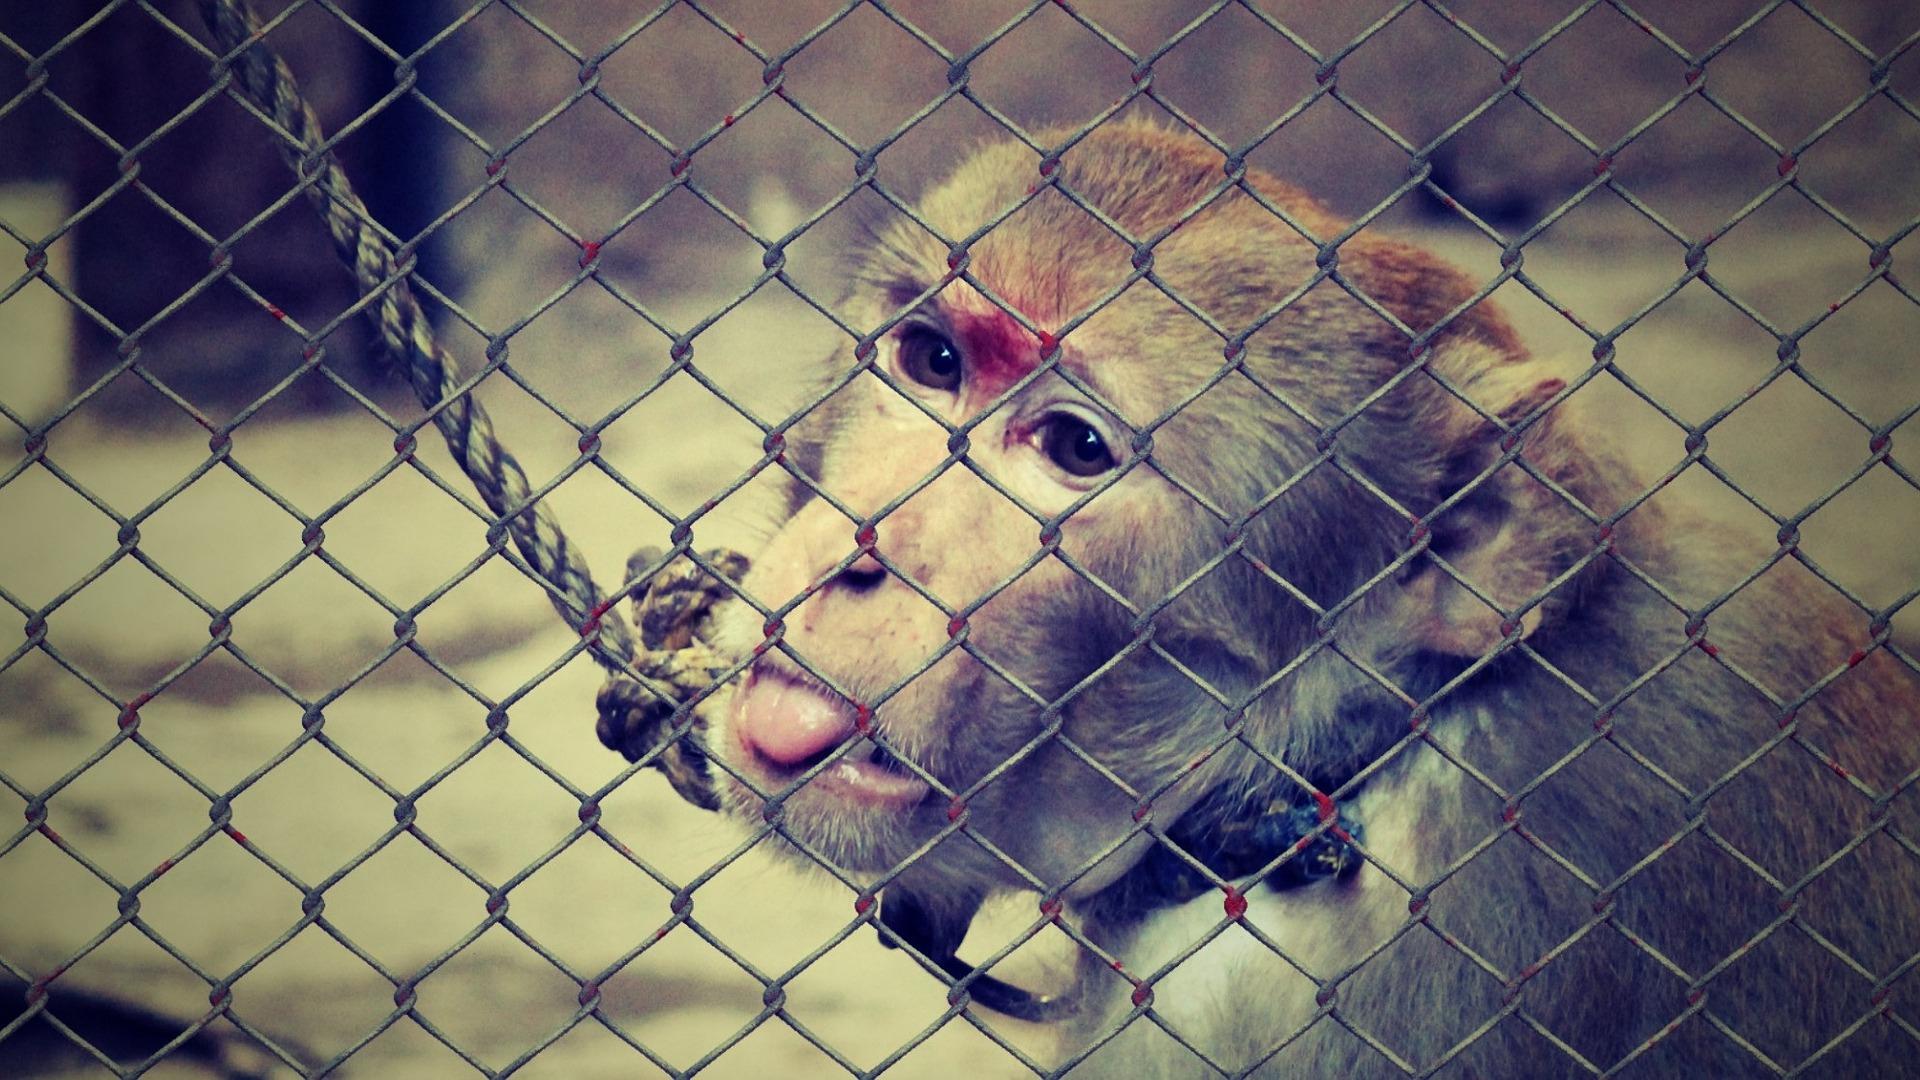 европейская конвенция о защите животных
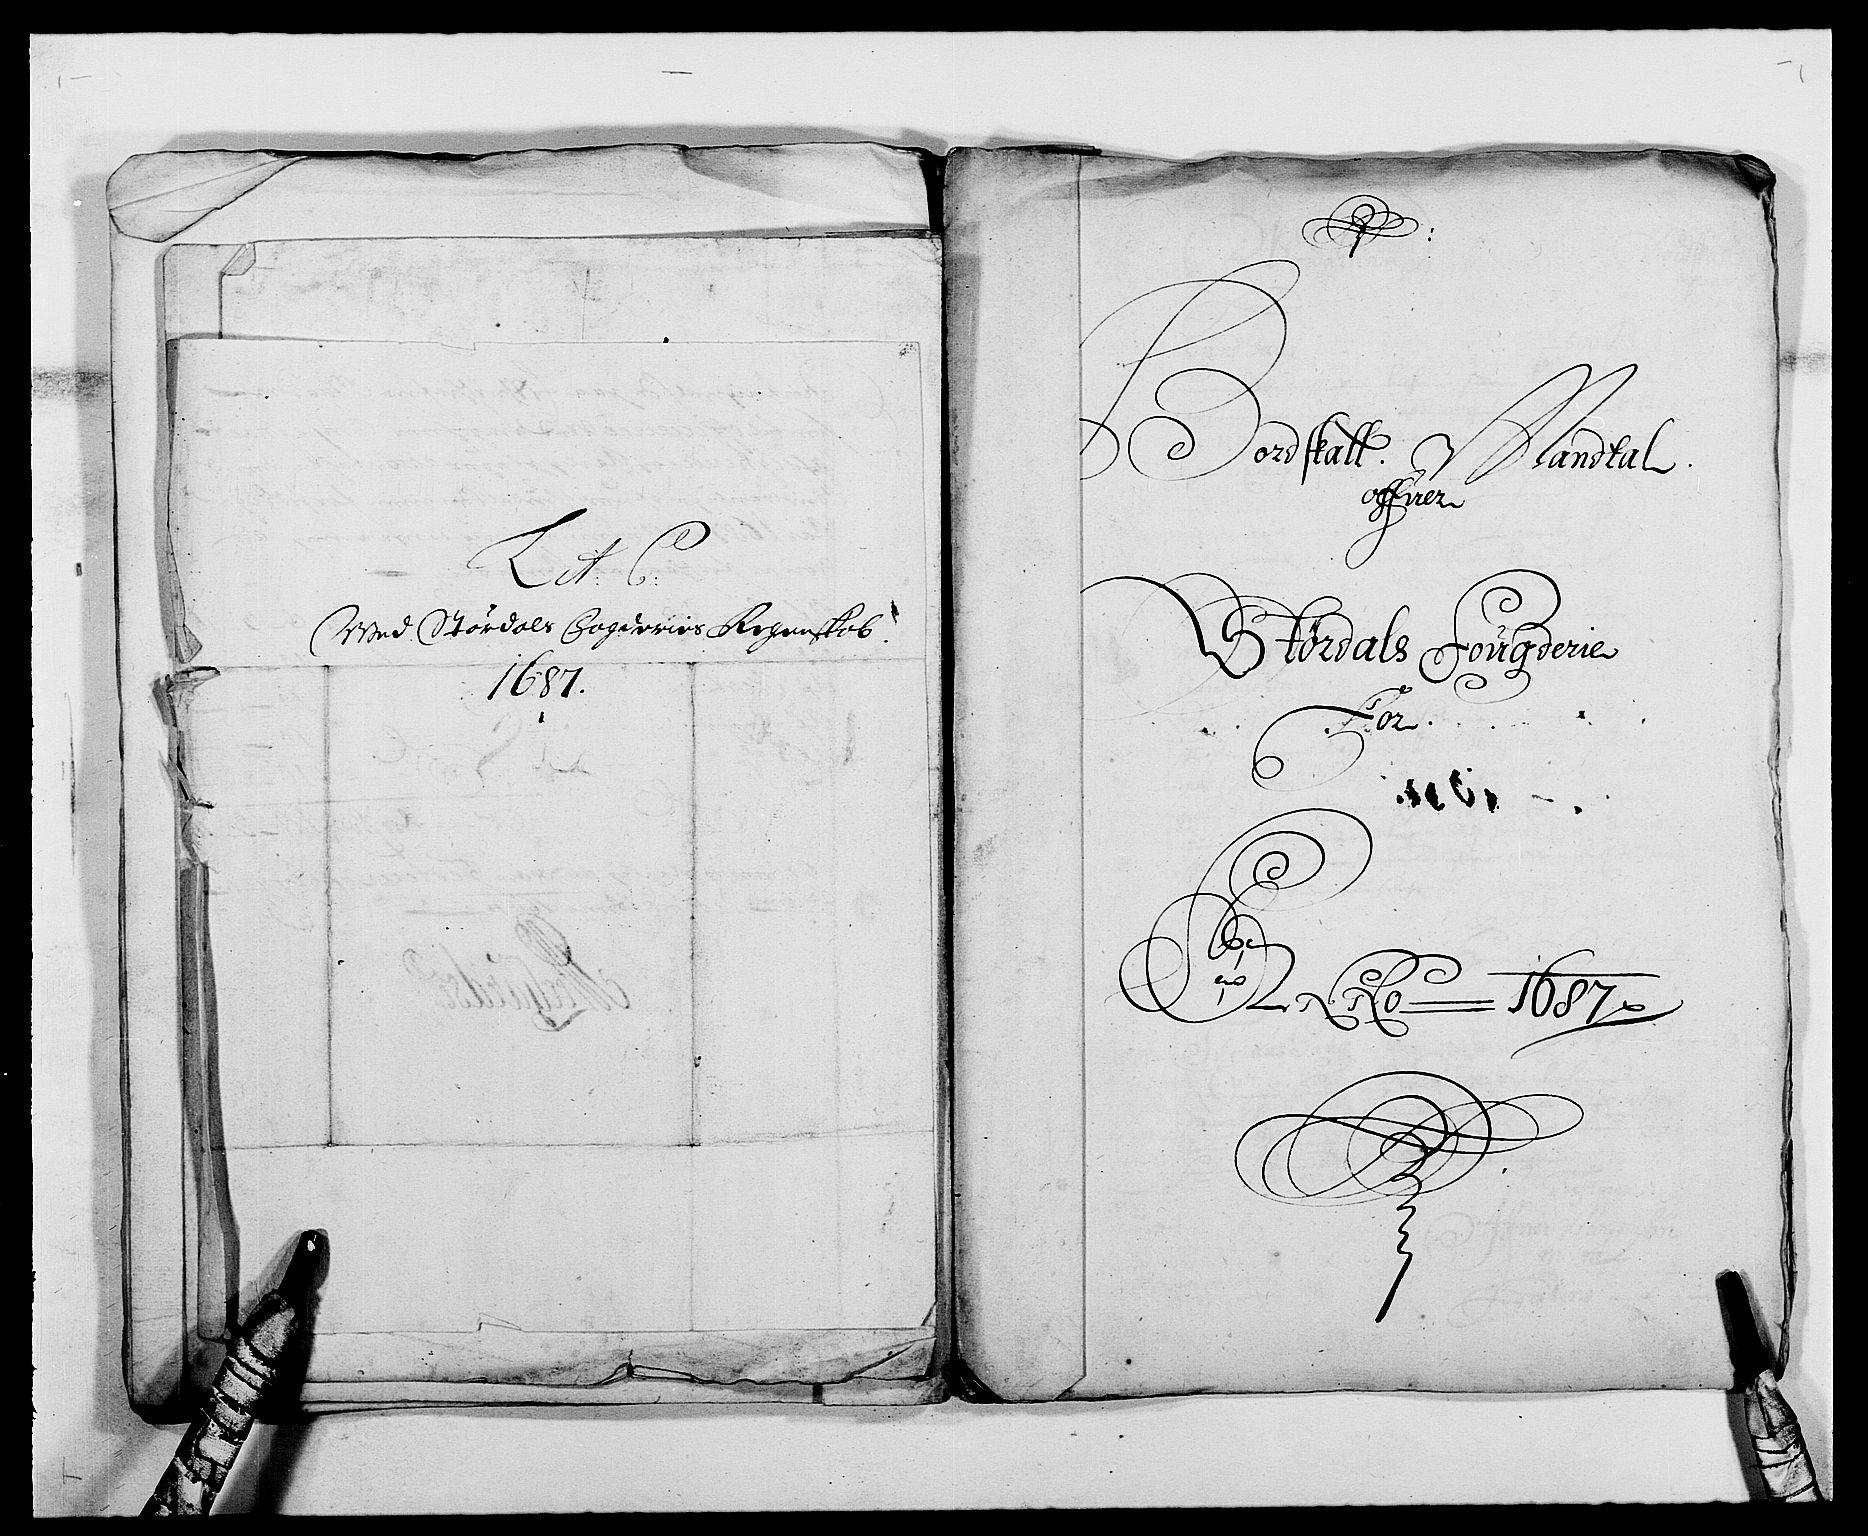 RA, Rentekammeret inntil 1814, Reviderte regnskaper, Fogderegnskap, R62/L4183: Fogderegnskap Stjørdal og Verdal, 1687-1689, s. 48
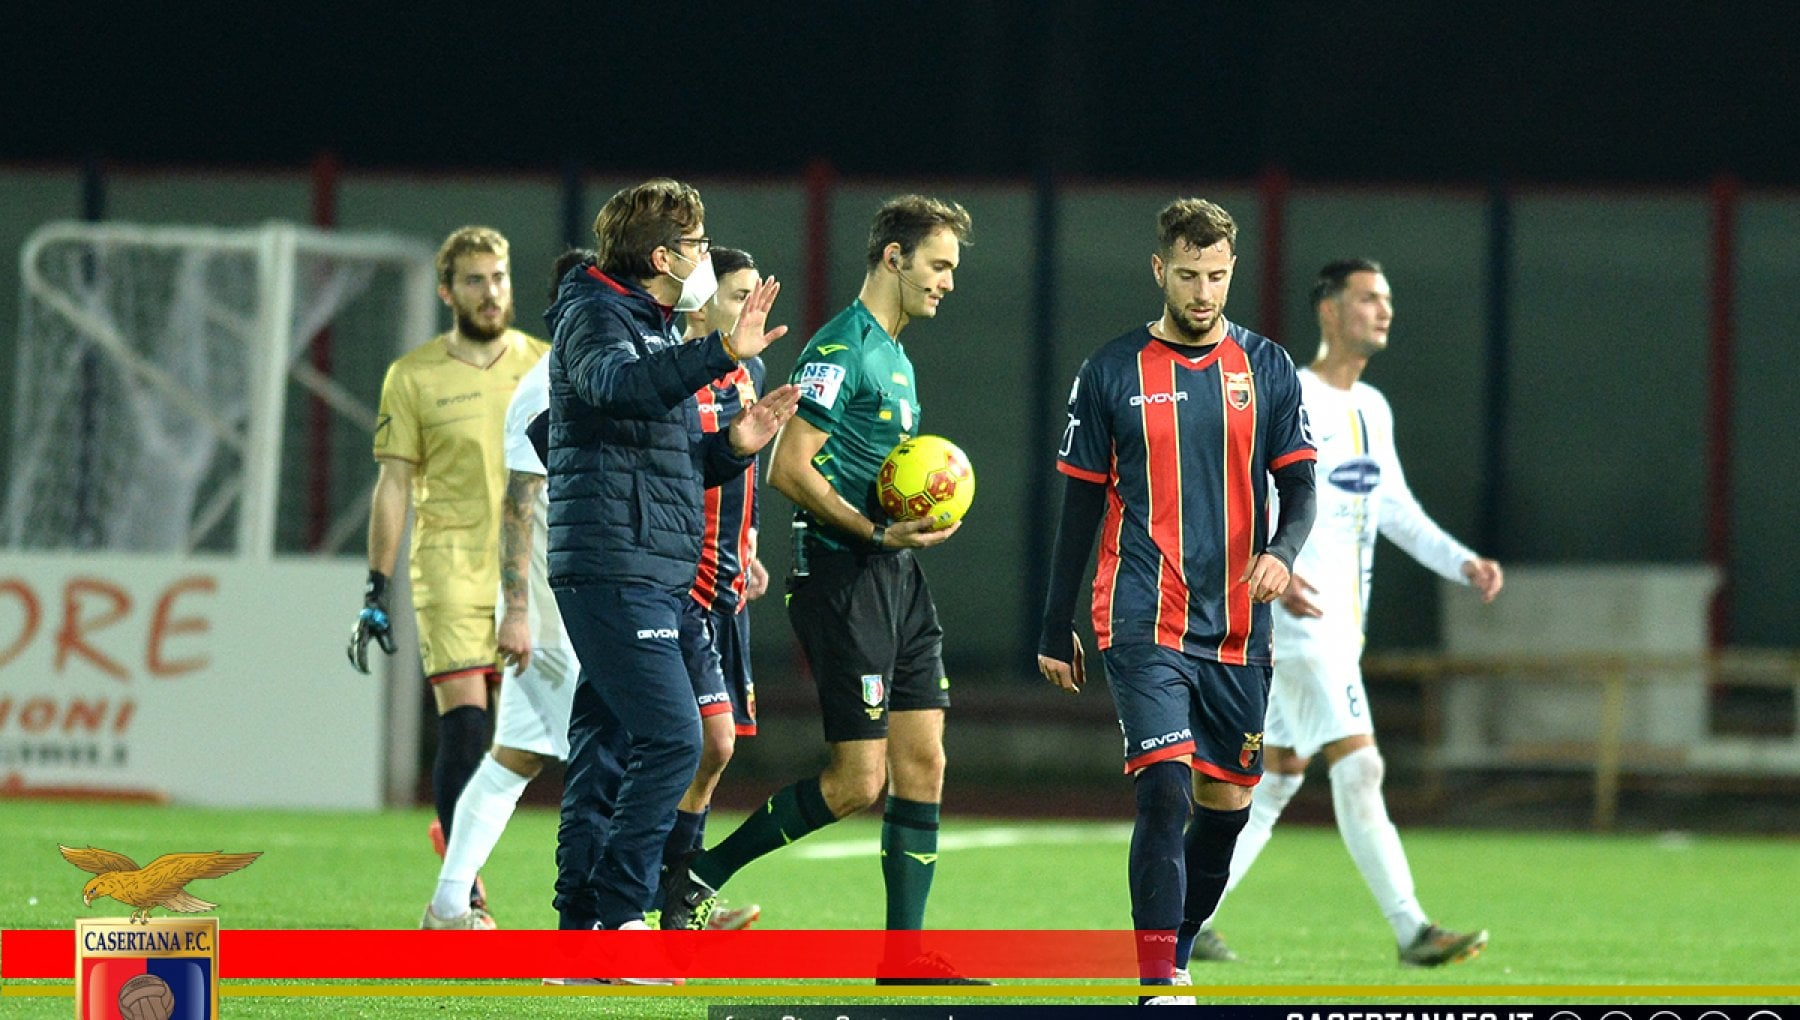 Casertana positivi al Covid due giocatori scesi in campo contro la Viterbese

Task objective:
Aside from its pictures, the listing must be given again in full, exactly as it appears.

Exercise response:
 европейская конвенция о защите животных
 RA, Rentekammeret inntil 1814, Reviderte regnskaper, Fogderegnskap, R62/L4183: Fogderegnskap Stjørdal og Verdal, 1687-1689, s. 48
 Casertana positivi al Covid due giocatori scesi in campo contro la Viterbese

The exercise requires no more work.